**Records to use**

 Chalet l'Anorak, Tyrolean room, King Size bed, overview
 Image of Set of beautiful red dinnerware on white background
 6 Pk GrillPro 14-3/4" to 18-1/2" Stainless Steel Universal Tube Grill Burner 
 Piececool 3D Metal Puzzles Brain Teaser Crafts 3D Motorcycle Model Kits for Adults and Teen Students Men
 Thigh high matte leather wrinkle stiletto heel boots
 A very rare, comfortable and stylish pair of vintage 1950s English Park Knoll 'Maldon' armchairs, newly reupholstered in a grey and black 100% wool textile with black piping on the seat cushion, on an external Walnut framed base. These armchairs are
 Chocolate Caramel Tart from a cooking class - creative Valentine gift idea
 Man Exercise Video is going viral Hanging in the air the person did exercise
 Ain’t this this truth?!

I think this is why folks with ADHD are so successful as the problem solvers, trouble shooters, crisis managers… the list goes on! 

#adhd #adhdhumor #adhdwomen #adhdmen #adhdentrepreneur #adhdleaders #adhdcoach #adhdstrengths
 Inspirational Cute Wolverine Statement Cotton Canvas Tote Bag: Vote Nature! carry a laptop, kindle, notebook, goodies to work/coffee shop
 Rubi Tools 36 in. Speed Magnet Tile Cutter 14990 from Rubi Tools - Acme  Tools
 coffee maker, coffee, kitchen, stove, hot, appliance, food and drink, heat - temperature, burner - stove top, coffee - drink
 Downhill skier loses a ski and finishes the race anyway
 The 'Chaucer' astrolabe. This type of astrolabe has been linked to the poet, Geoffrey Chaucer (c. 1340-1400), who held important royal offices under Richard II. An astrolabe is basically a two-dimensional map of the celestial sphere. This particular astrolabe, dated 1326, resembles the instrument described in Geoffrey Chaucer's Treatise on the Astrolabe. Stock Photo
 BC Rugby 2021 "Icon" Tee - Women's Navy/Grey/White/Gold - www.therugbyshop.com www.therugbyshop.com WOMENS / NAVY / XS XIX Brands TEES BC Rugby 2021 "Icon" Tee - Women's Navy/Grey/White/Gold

**Description of the task**
Above are the entries; copy out every line among them that contains the word "coffee".

**Problem solution**
 Inspirational Cute Wolverine Statement Cotton Canvas Tote Bag: Vote Nature! carry a laptop, kindle, notebook, goodies to work/coffee shop
 coffee maker, coffee, kitchen, stove, hot, appliance, food and drink, heat - temperature, burner - stove top, coffee - drink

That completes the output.